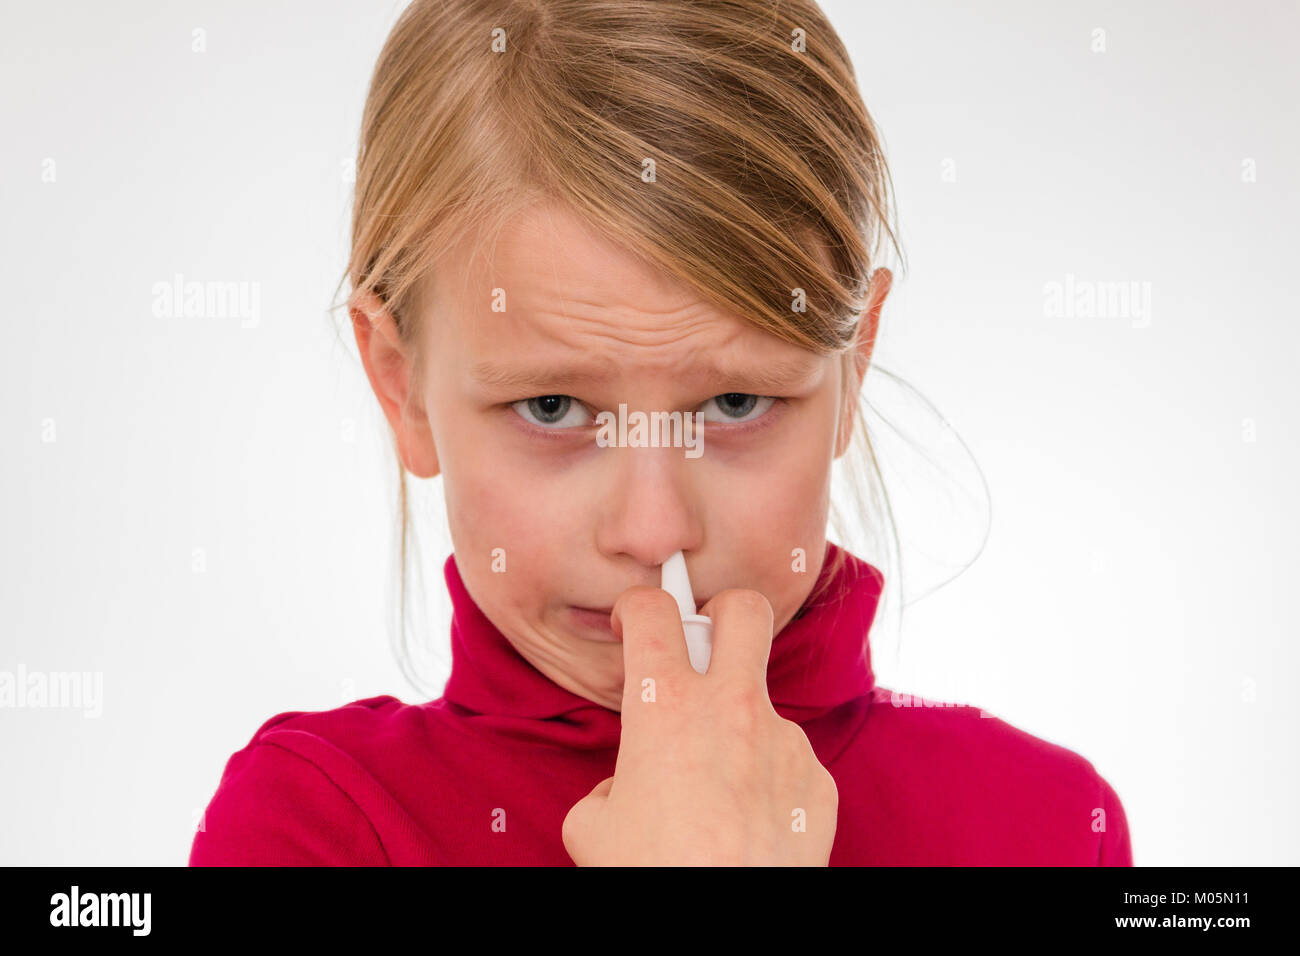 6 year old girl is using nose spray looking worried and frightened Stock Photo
---
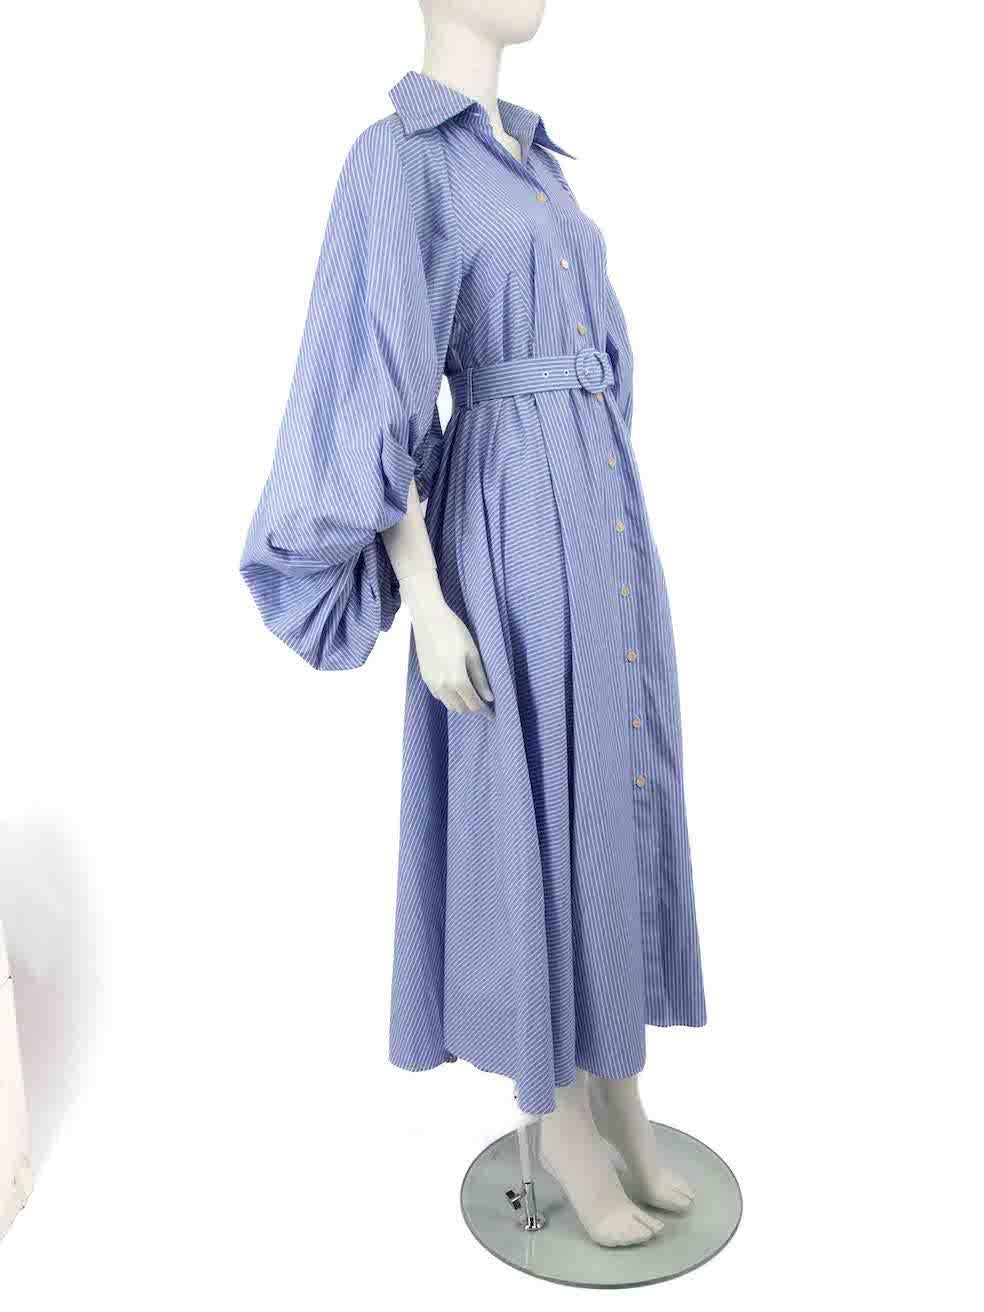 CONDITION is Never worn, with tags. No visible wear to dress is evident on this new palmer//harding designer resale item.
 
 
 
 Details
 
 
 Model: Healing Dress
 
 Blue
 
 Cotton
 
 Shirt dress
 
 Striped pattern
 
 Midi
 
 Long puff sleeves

» **EXERCISE AIM**: The reply should consist solely of the lines above from the one that has "Model: Healing Dress" through the one that has "Long puff sleeves", reproduced exactly.

» **ANSWER FOR THIS EXERCISE**:
 Model: Healing Dress
 
 Blue
 
 Cotton
 
 Shirt dress
 
 Striped pattern
 
 Midi
 
 Long puff sleeves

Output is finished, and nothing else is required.